How reliable are downlinks?

ame · June 17, 2020, 3:40am

Well, it depends on how reliable downlinks are.

To answer your specific example, yes. It is acceptable.

If we are not getting any telemetry, or we can’t send downlinks, then we need to investigate. This is why we need to know how reliable downlinks (and uplinks) are.

dajt · June 17, 2020, 6:34am

From my brief experience, it’s variable and probably mostly to do with the gateways. But the sponsor in my case won’t be any worse off than they are now and the farm manager will have to go and switch the pump on manually if too many downlinks go missing.

The GSM backed gateway I have access to most of the time is pretty hopeless as described above.

I’ve parked out near the customer site a few times over the last couple of months (social distancing!) to see if their on-site gateway was any better.

The first two times I was just trying to see if I could get a downlink at all, and did seem to be getting them but it was only with a hello world program. After that, assuming downlinks were ok, I spent most of my time developing with a wifi feather because it was so much easier, and I wouldn’t be abusing the fair use policy.

The 3rd time I was trying to record a demo. I parked in a different place, closer to their building, and the performance was terrible, like the GSM gateway. This visit is what sparked this thread as I then doubted my impression from the first two visits.

The last time I was across the road again to see if that made a difference and the performance was fine. Joined in 6 or 8 seconds, every downlink came through at the first opportunity, and I did quite a few of them. I was able to record the demo.

The gateways seem to be the deciding factor here. I don’t know what the variables are but could they be things like:

Do you have line of sight?
Are you too close?
Is you signal better to a dud gateway than a good one, so only the dud is sending your downlinks? I think I read only one gateway is asked to send a downlink. I heard the sponsor may have more than one gateway on site so perhaps I was talking to one of the not so good ones?

bluejedi · June 17, 2020, 6:49am

It all boils down to whether the worst case scenario (e.g. downlinks and/or uplinks dont’t come through for any period of time, for whatever reason) can cause any dangerous / unacceptable situation.

“Then we need to investigate” is a very fuzzy statement and may not prevent a dangerous / unacceptable situation.

Whether that is acceptable for your case is up to yourself to determine/decide.
There is however no (simple) formula to determine the ‘reliabilty of downlinks’ (or in other words determine the probability that an unacceptable situation can occur due to downlinks not timely arriving for whatever reasons).

ame · June 17, 2020, 9:01am

Yup. It is entirely acceptable. If the command to prevent the pump running is not successful then the pump will still be controlled by its own pressure switch, so the system is not compromised. If the command to allow the pump to run is not successful then water will still be available for a while, but the telemetry for the water level will show it is dropping (and not being refilled). If there is no telemetry we will generate a warning that there is no telemetry, and we need to investigate.

dajt · June 17, 2020, 10:36am

Wow, we may as well be writing the same system

ame · June 17, 2020, 10:39am

I have a pump, a tank, and a switch.
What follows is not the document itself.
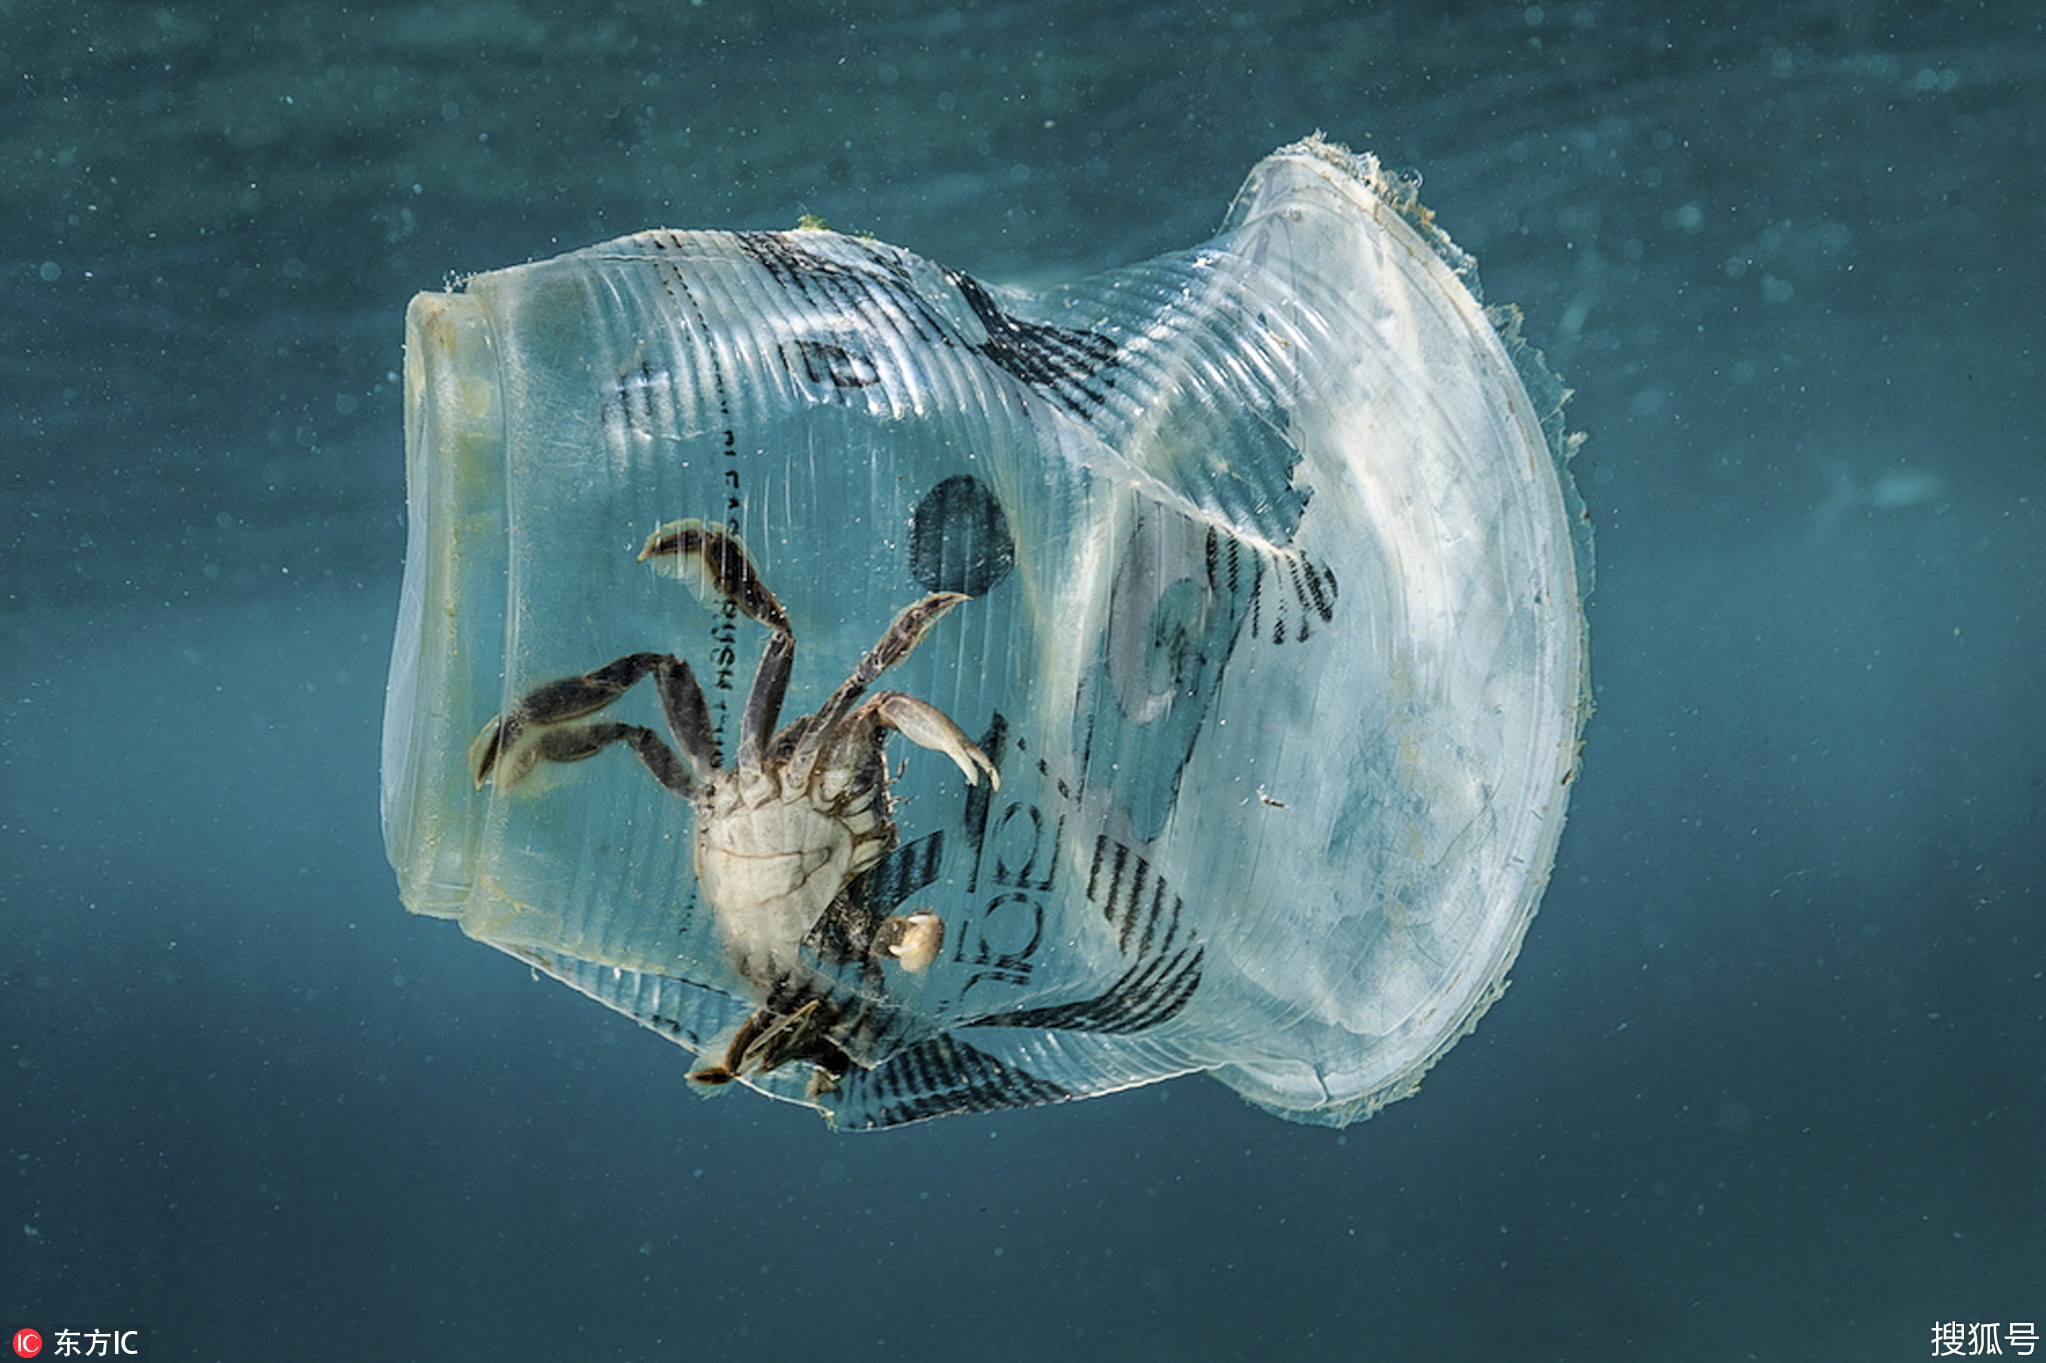 菲律宾:塑料垃圾污染严重 海洋动物面临致命陷阱
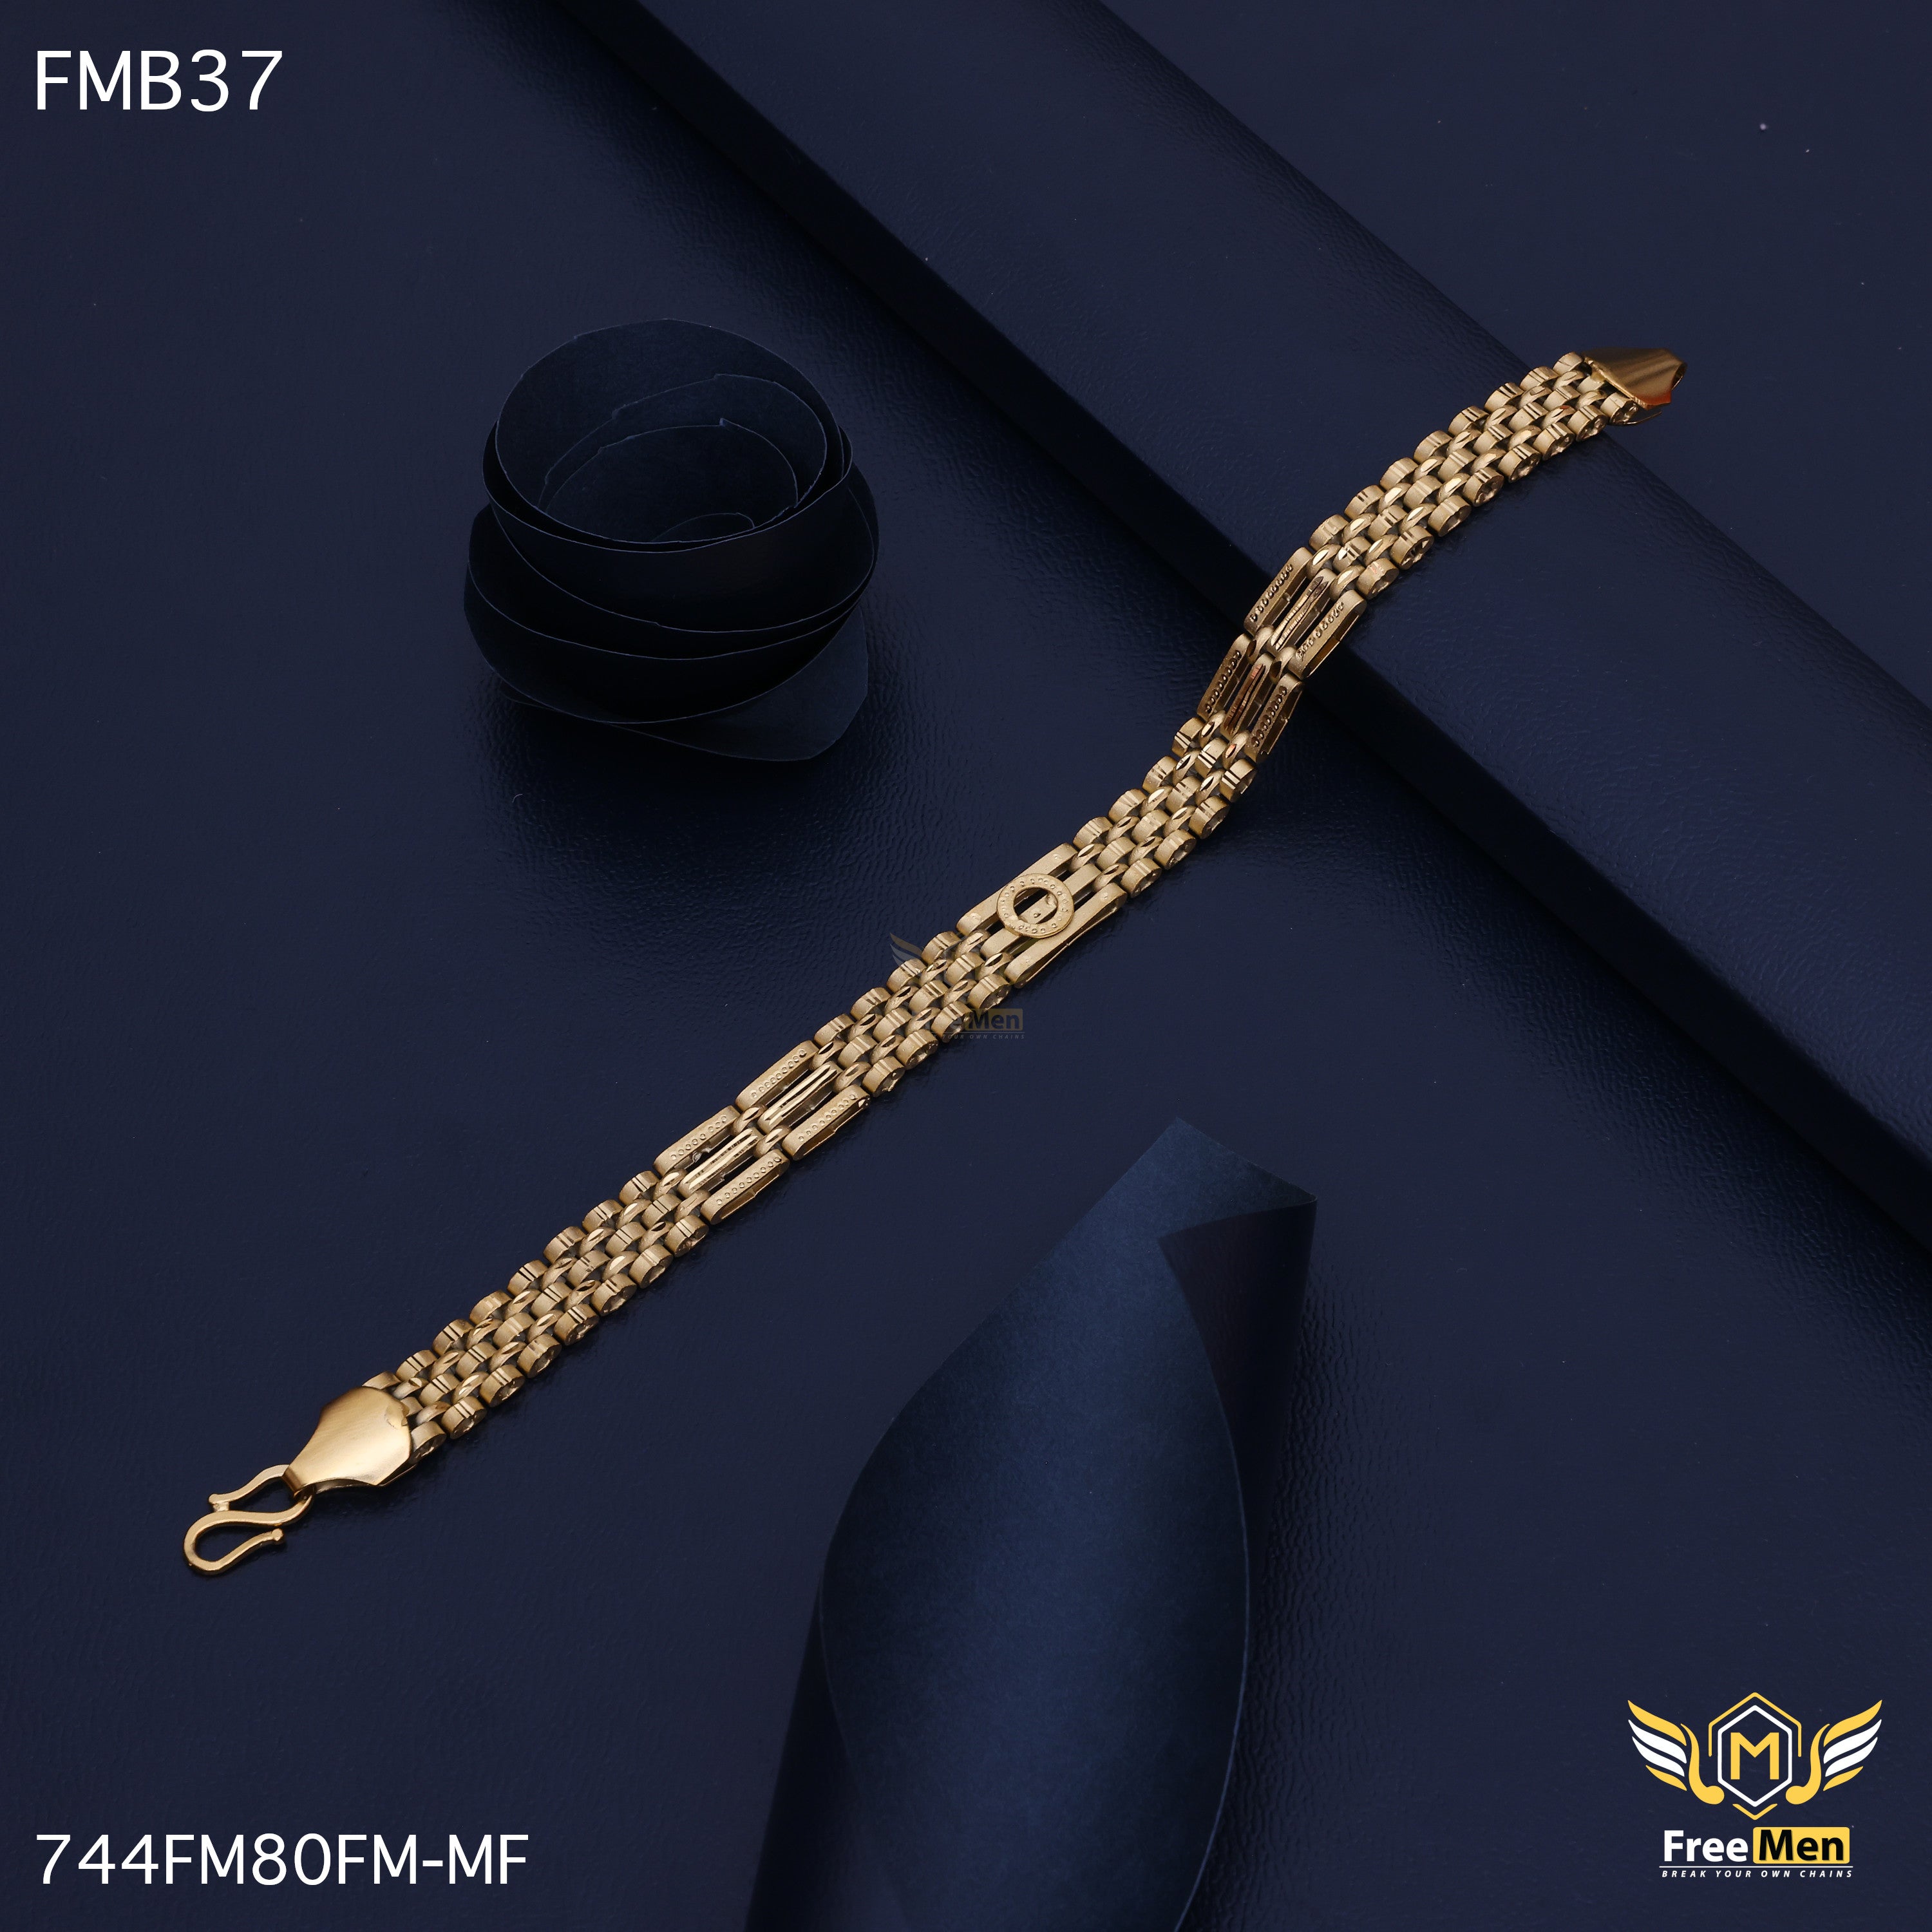 Bracelet Colourful Set Of 2 GiftSend Jewellery Gifts Online JVS1232172  IGPcom

There are very few combinations we can make.

cslorabox · June 17, 2020, 1:53pm

That’s not necessarily a sound conclusion at all.

By far the most common cause of downlink failure in new projects is timing errors in the node, causing it to not be receiving at the correct time.

However, unreliable or slow Internet connection between the gateway and the servers can also cause a problem, unpredictably over time. There’s only one second available to complete the roundtrip between the node, gateway, server, gateway and node. And unfortunately because the original packet forwarder code could only have one transmit request outstanding at a a time (no queue) even in a case where the rx window is later, the server has to hold onto the transmit request until just before it needs to be sent anyway, because it can’t risk collisions between transmit requests sent down to the gateway out of order. The packet forwarder code has long since gained an internal queue to order things, but the server can’t count on a gateway running a version with that capability.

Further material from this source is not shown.